Летним утром солнце вздымается быстро. И вот оно уже стоит над садами, над раскидистыми яблонями и могучими грушами. Даже высоченного тополя тень, лежавшая поперек улицы, стала куцей.
Летнее утро. Окраина степного поселка продолжает день.
На углу тихой улицы – просторный двор. Солнце припекло, и старая женщина, хозяйка двора, оставив дела огородные, возвратилась к дому и летней кухне.
Чайник шумит на плите. Вареная молодая картошка в розовой кожуре дымится из белосахарных лопин. Желто сияет в блюдце горчичное масло. Пришло время завтрака.
Стукнула калитка, прошумела листва смородины, ветки ее клонились над забором и воротцами. Медленно приближались неверные, шаркающие шаги. Это сосед. Старый пиджак на нем, просторные сатиновые шаровары с накладными карманами – бабкино рукоделье – коричневая в клеточку кепка.

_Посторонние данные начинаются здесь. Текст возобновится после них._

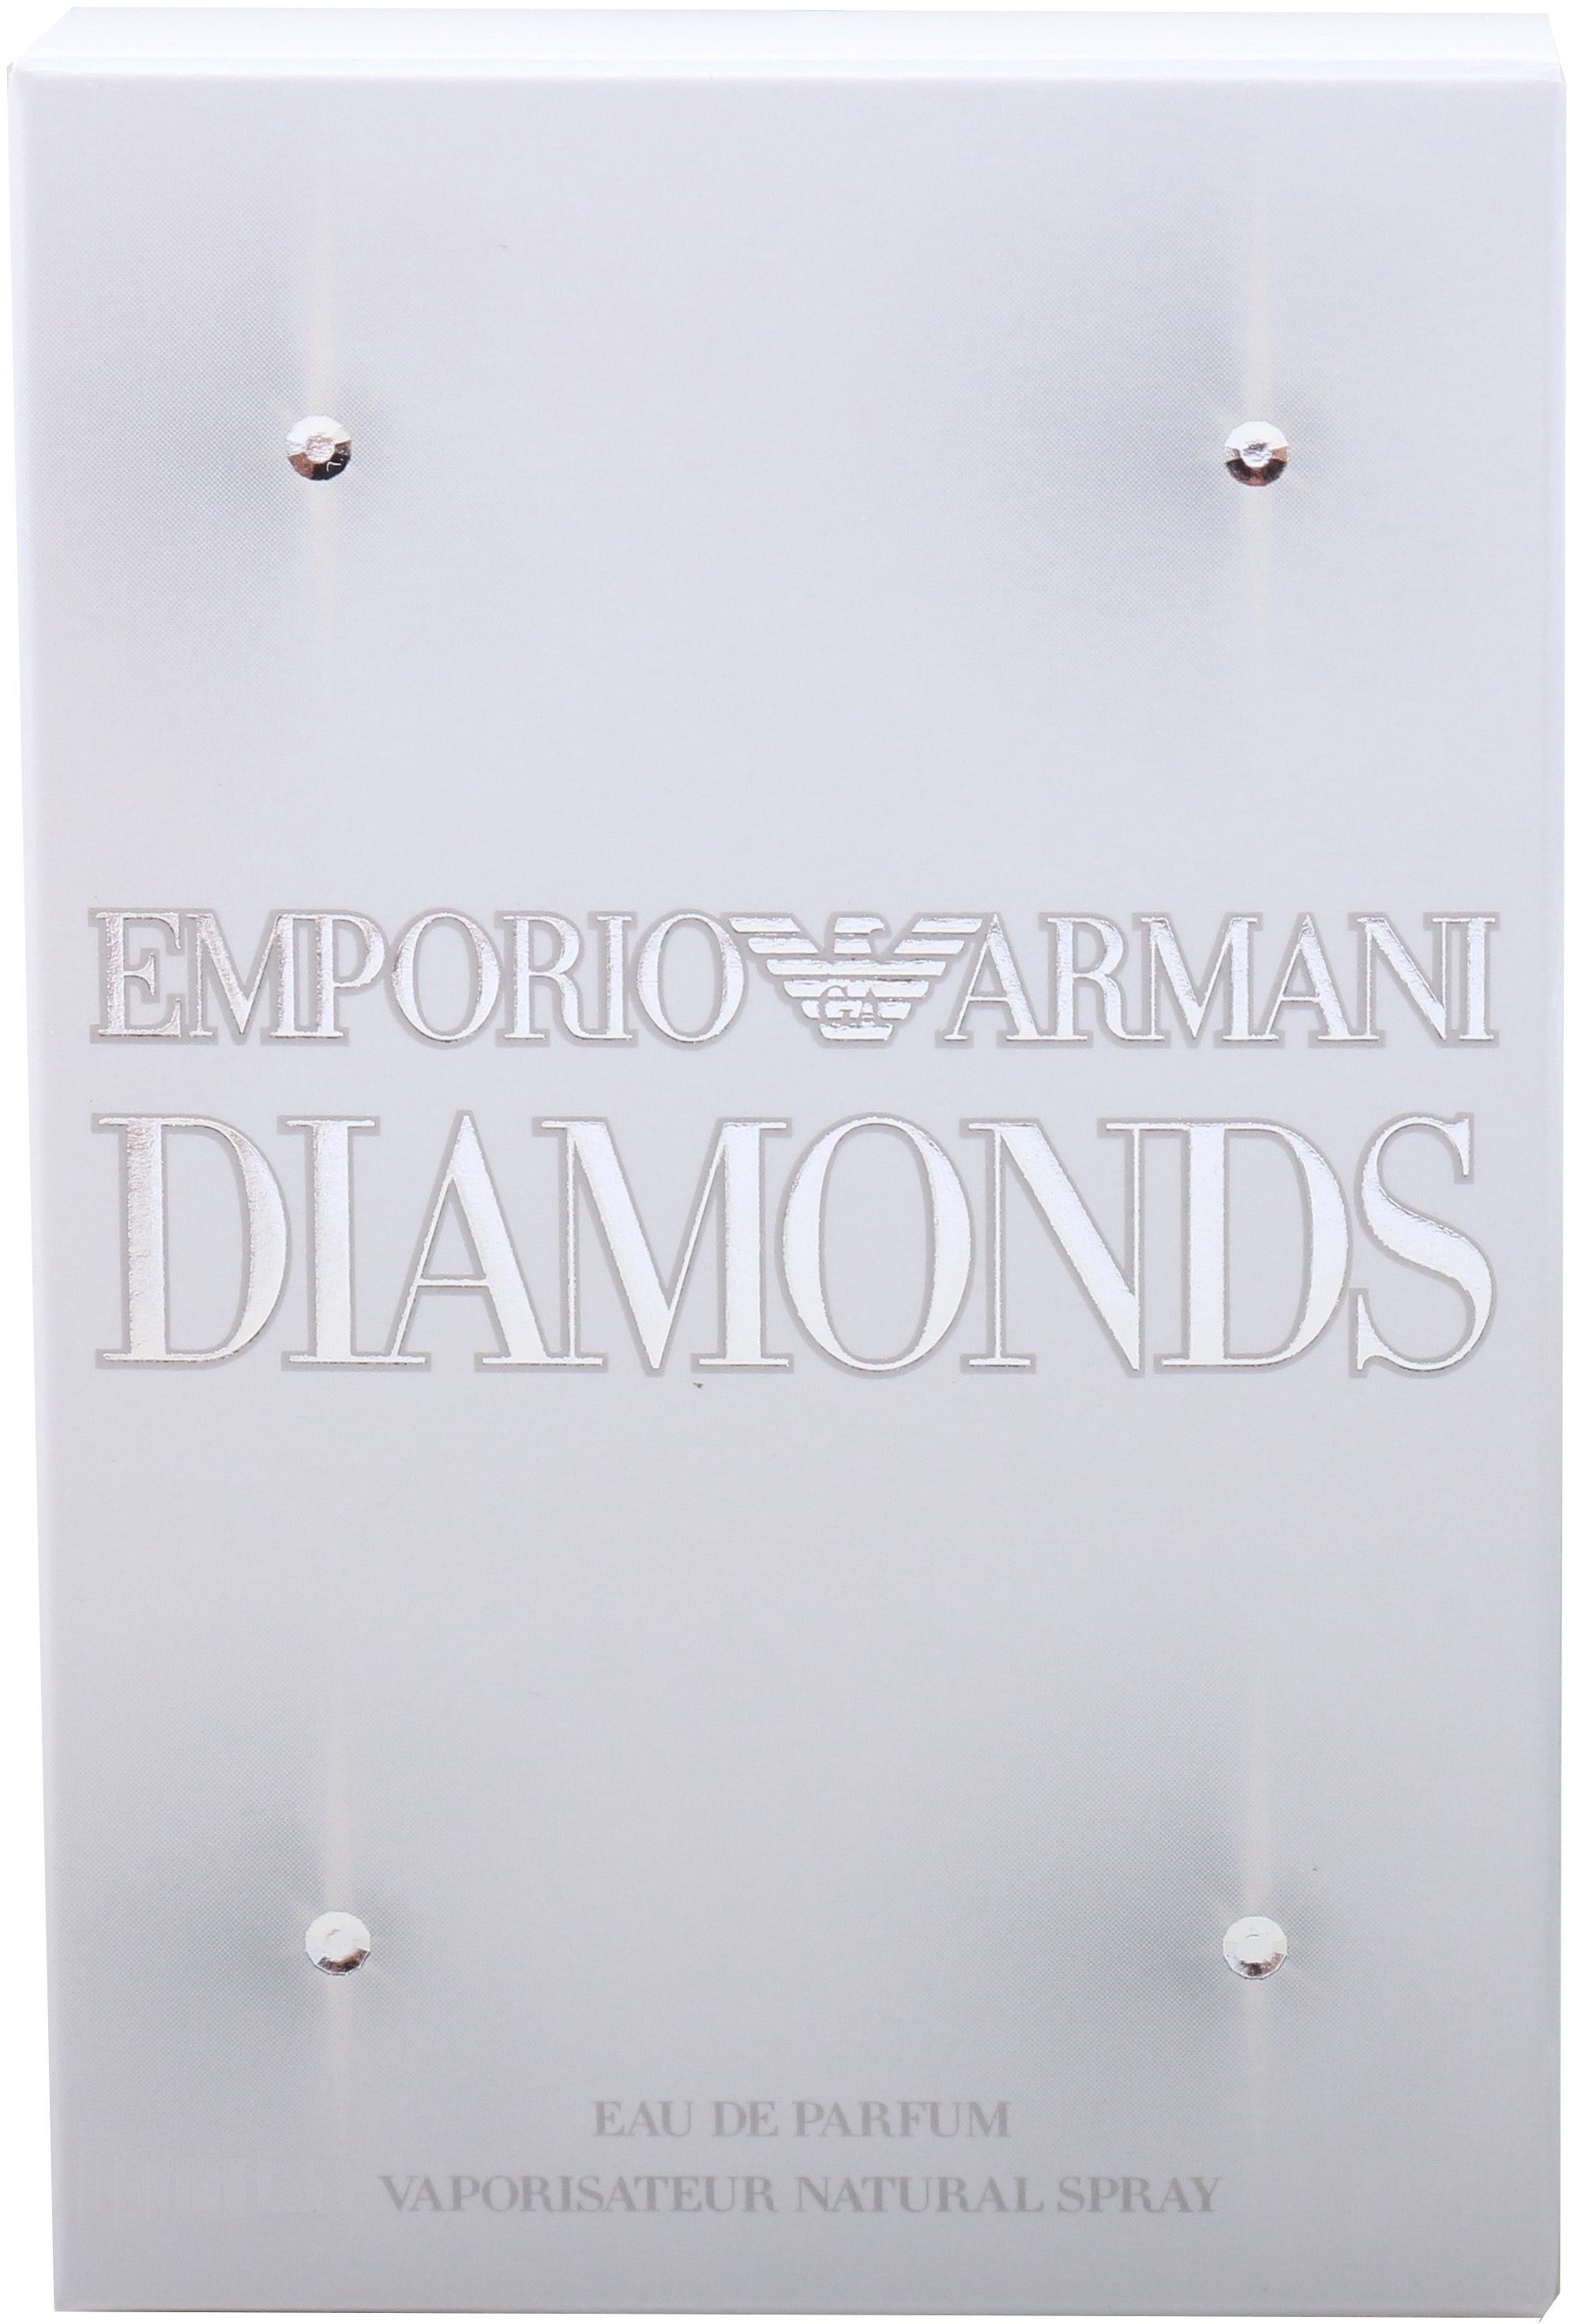 Diamonds Parfum Armani Eau de Giorgio

Под козырьком ее подслеповато щурятся глаза, словно не угадывая знакомый двор и его хозяйку, которая спешит на помощь.
– Тут я, тута… Здорово ночевал?..
– Здравствуйте, – степенно отвечает гость и жалуется: – Совсем ничего не вижу.
Прожили по соседству долгий срок, и казалось теперь, что всегда был сосед таким: костистым, худым, с глубокими морщинами на бритом лице, в сатиновых шароварах, а хозяйка двора – приземистой, кубоватой, с отекшими ногами. Правда, в последнее время глаза у соседа стали сдавать и с головой творилось неладное.

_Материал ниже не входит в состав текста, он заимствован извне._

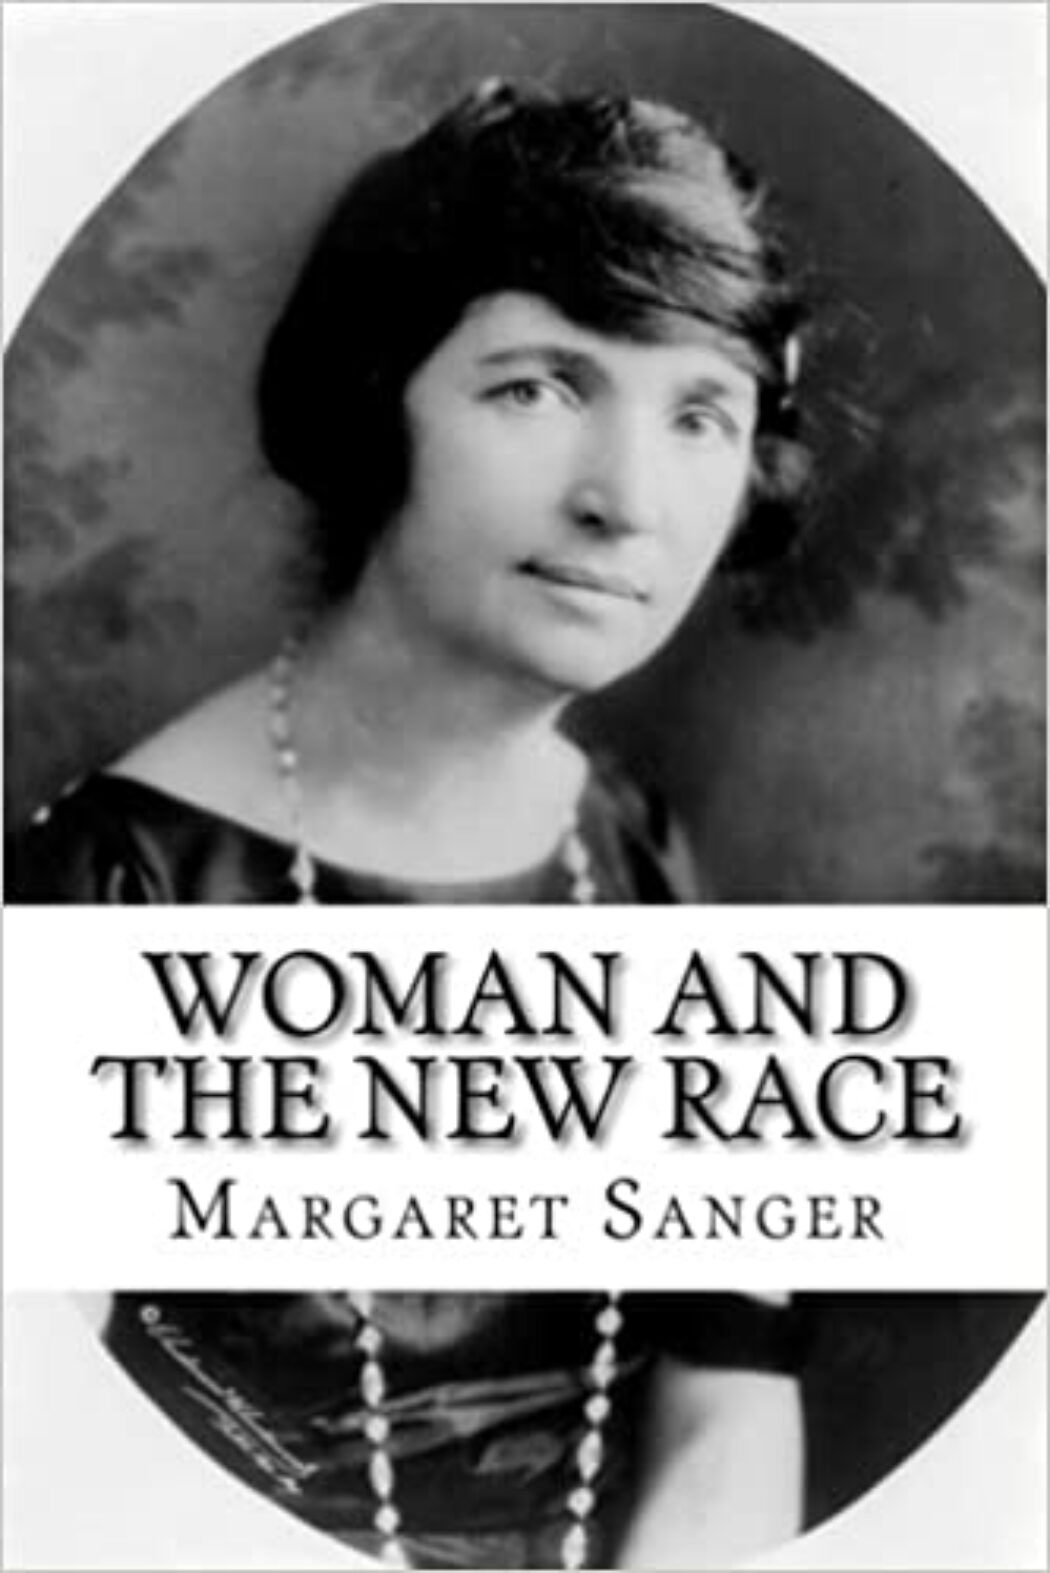 Le Planning familial renie sa fondatrice, Margaret Sanger - Le Salon Beige

– Так уж не видишь совсем? – не поверила хозяйка. – В огороде, гляжу, как молодой работал, картошку подбивал.
– Подбивал, – признался сосед, – ощупкой. А кому подбивать? Бабка лежит, некудовая. А я ничего не вижу. Все хуже и хуже. Очков много. Бабкины, мои… – Стал вынимать он очки из просторных карманов: – Столетошние какие-то нашел. Много очков, а проку нет. Ничего не вижу. Надо бы к врачам.
– Давай вызовем, – предложила хозяйка. – В магазине телефон работает, починили.
– Кого вызывать? Нашу? Какая ногами топочет? – спросил сосед. – Спаси и сохрани… Она последнего здоровья лишит. Начнет шуметь.
С участковой врачихой улице не повезло. Была она молодой да ранней. Чуть что, срывалась на крик: «Не семнадцать лет – вот и болит! Годы свои, годы считайте! – и топала ногой, словно коза. – Годы! Годы!» Такую лечбу долго помнили.
– Нет, наша врачиха тут не подмога. – Задумался старик, а потом сказал решительно: – Надо идти в райком!
– Жалкай ты мой… – вздохнула хозяйка. – Картошечки со мной не покушаешь? Чайку попей. Наверно, еще не завтракал. Я вот тоже. Поднялась – не хотела, такие мы едоки. А надо, без этого ноги протянешь, – сыпала она словами, пытаясь помочь соседу: может, забудет он… может, к столу присев, все забудет – всю эту дурь, что гнездилась в последнее время в стариковской его голове.
Но сосед, не слыша ее, словно молодел: распрямлялась спина, в глазах загорался азарт, рука решительно рубила воздух.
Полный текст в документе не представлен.